1) People-pleasing. For as long as I can remember, my self-worth has been fueled by the affirmation of others. I depended to such an extent on the praise of others that I felt lost without it.
And this how I know God has a sense of humor: with writing, as with every art form, it is impossible to attain commercial success without the approval of others. But I have found that when I write in order to please others, my writing stinks. Truly it does. I have to write the story God has given me, and I have to write it in my own voice, for it to be authentic and meaningful and not painful to read. I do not know whether what I write will be wildly popular or not—and that, God is telling me, is okay.
2) Achievement. Most days, I start the morning off with a laptop and a Word document. At the end of the day, I have a laptop and a Word document. Sometimes that Word document has a few thousand more words typed into it; other days it’s a few hundred or less. But that is all I have to show for my labors. I don’t have a program set up or a marketing campaign launched or a new employee hired. I haven’t, as far as I can see, made any visible impact on the world.
What I want to believe is that my day has been wasted, that what I have produced does not have any value. What God challenges me to believe is that my worth is not defined by what I do or how much I have achieved compared to the next person. He can use anything—even words on a screen—for his kingdom and his glory.
3) Perfectionism. In my previous career, I obsessed about doing everything perfectly. Every document I created, every presentation I gave, every project I oversaw—if something went wrong or wasn’t exactly what I wanted it to be, I thought about it for days. I was not content with anything I did, choosing instead to embrace anxiety, fear, and sleepless nights.

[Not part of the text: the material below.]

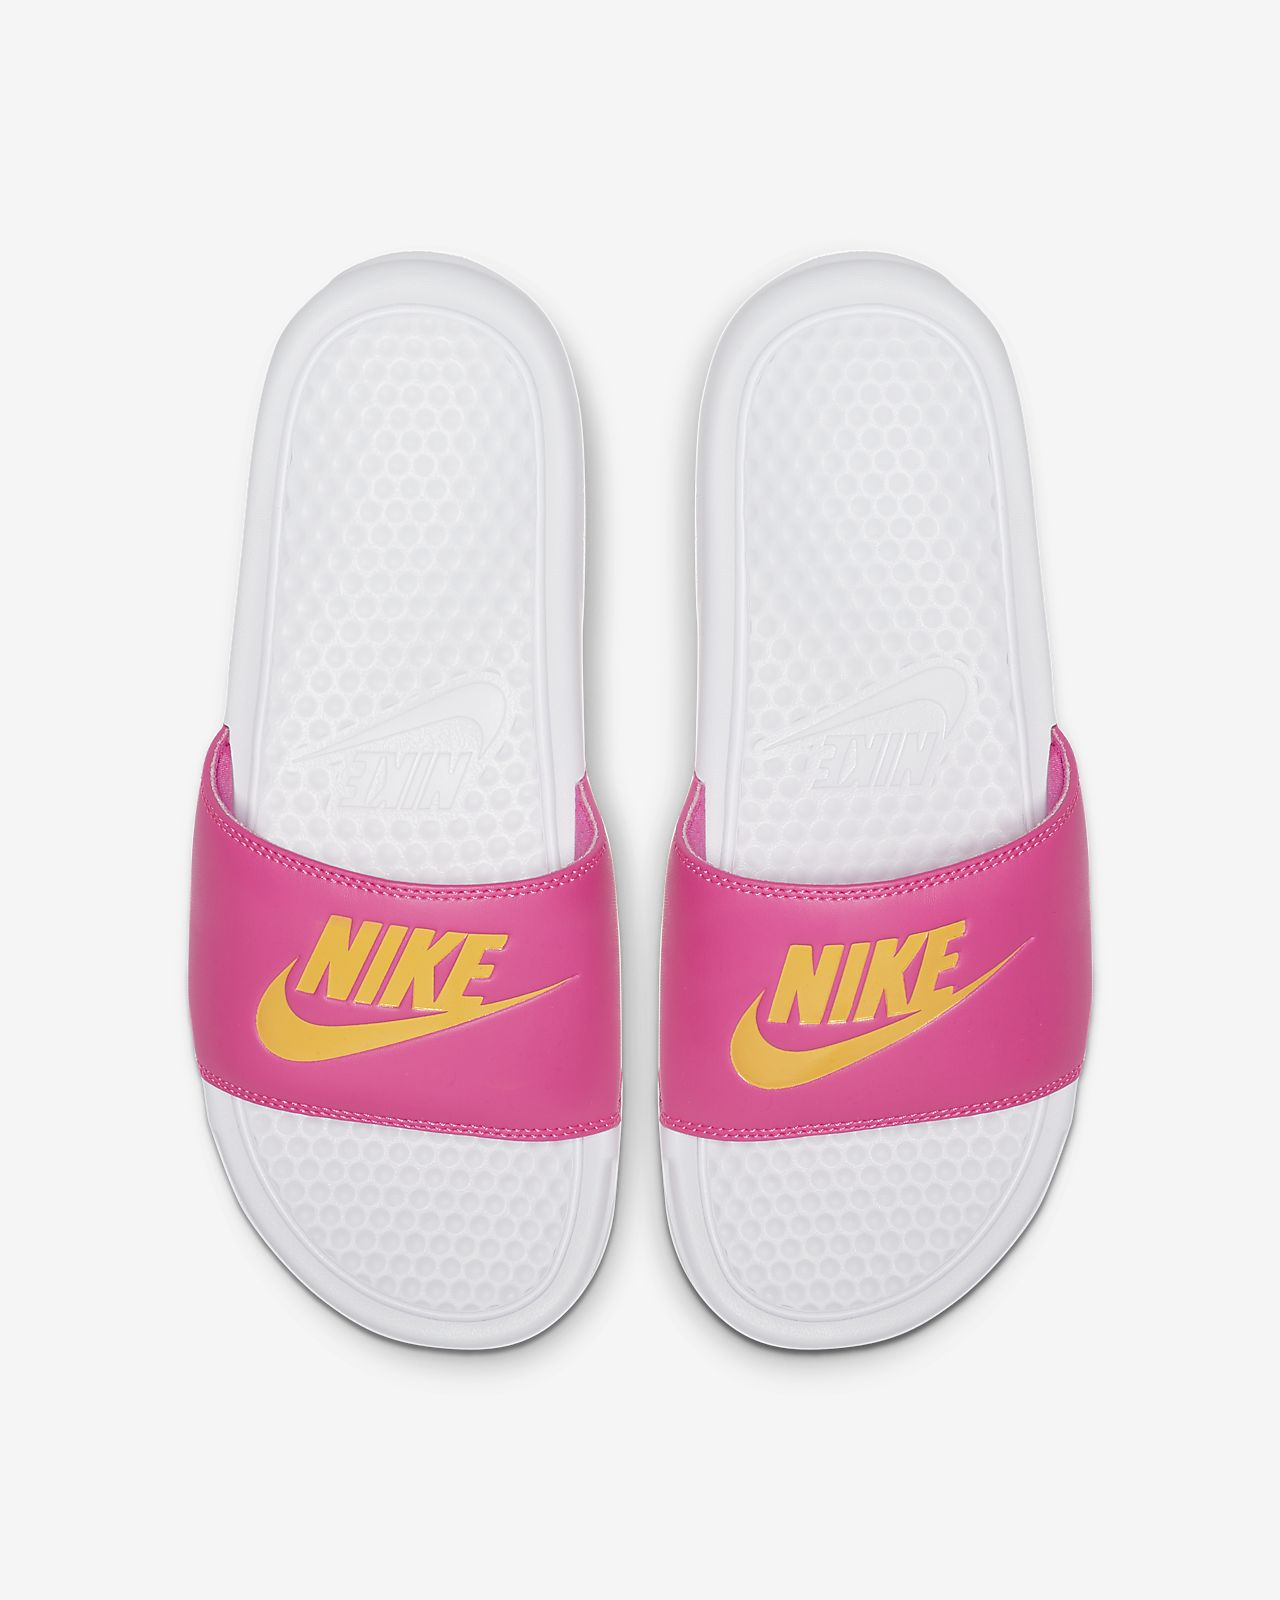 0964e6e9f008 Nike Benassi Women s Slide. Nike.com PT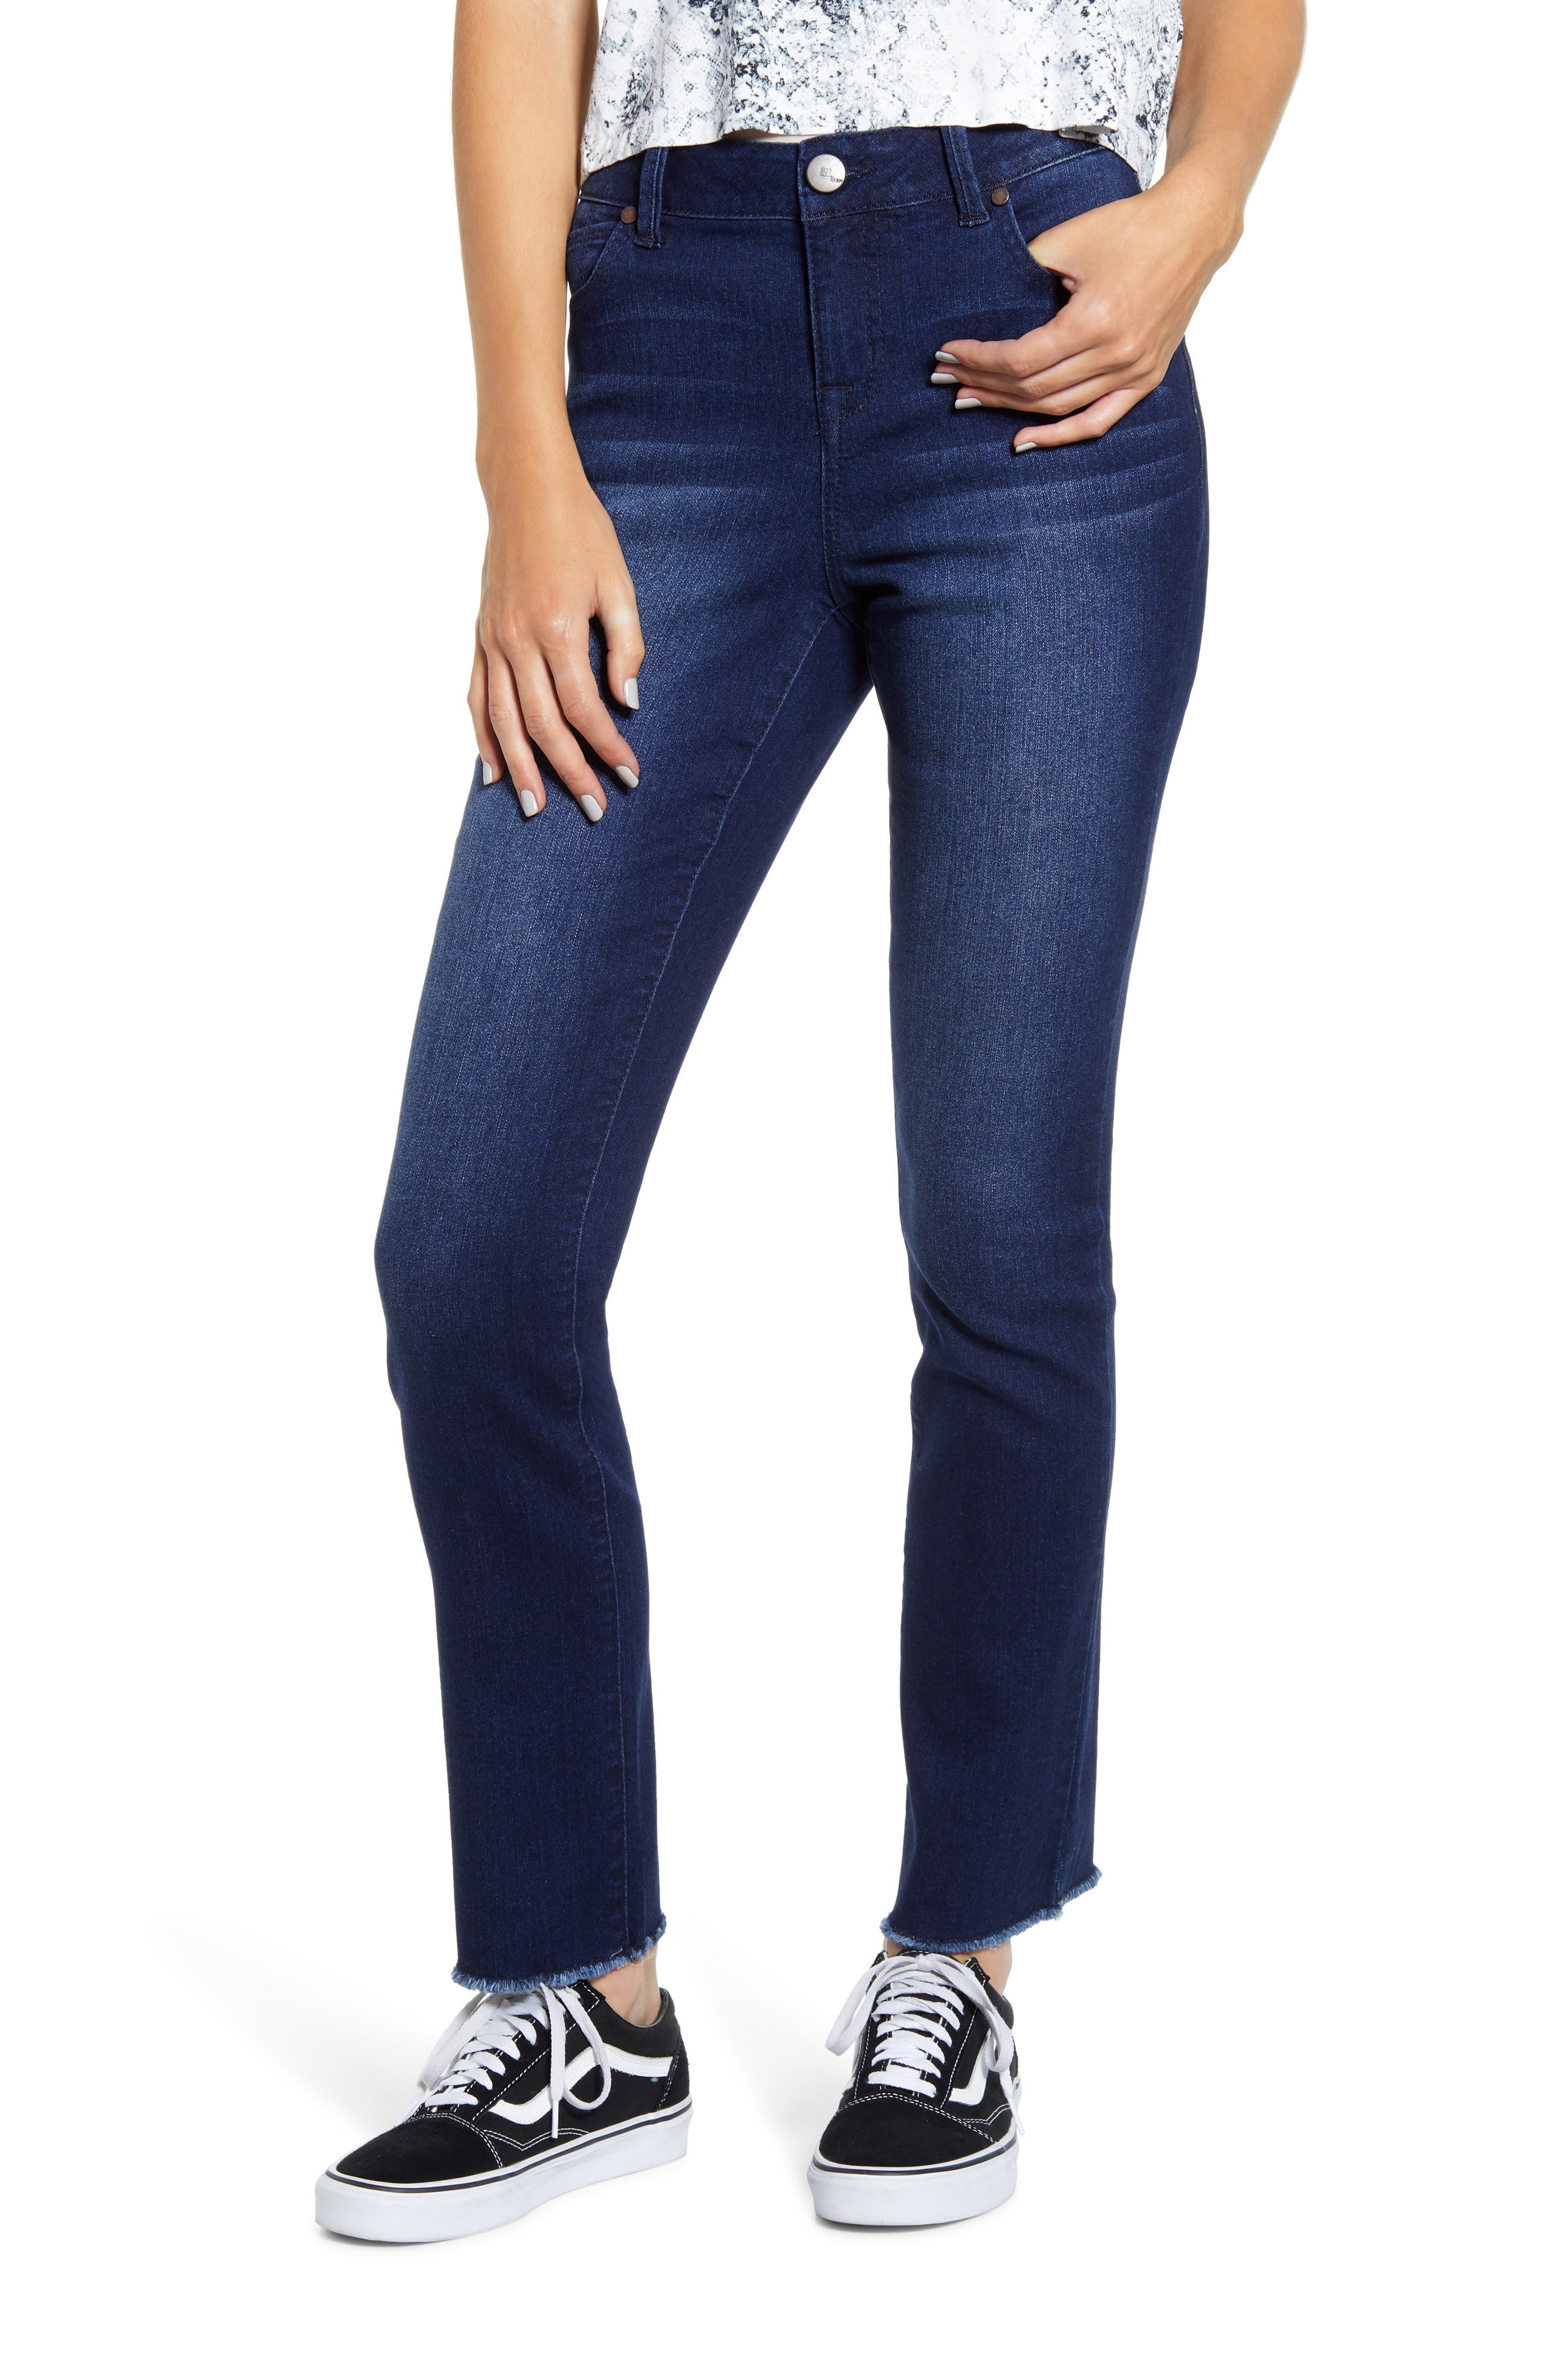 Women's 1822 Denim Re: denim High Waist Raw Hem Jeans,  24 - Blue

Unfortunately for me, writing is not a task that is ever perfected. There is always a sentence to be reworded, a punctuation mark to be added, a sentiment more artfully expressed. I want to keep obsessing, to find every misplaced comma and to fix every poorly worded statement. But for my sanity and my ability to complete anything, I have to let it go. I have to embrace God’s message of grace for me: I am not perfect, my writing is not perfect, but I am still loved, and my writing, mistakes and all, can still be beautiful and impactful.
It can be a harrowing path, this writing life, for a reformed people-pleasing, achievement-oriented perfectionist like me. Even as I sit calmly at my desk, I sometimes feel like I am following God through the valley of the shadow of death. He is asking me to release what I have relied on in the past to make me a productive, likeable person—to put to death the idols that I thought kept me safe—and to find new life in him. It’s a life that is terrifying in how much I need to trust God rather than myself. But it’s also, I’m finding, a life of immense freedom. I am no longer burdened by the expectations or myself or others because I know that trying to meet those expectations all the time is an impossible task.
But God’s expectation of me to simply follow him and trust that he has something good for me on this writing journey? That I can do.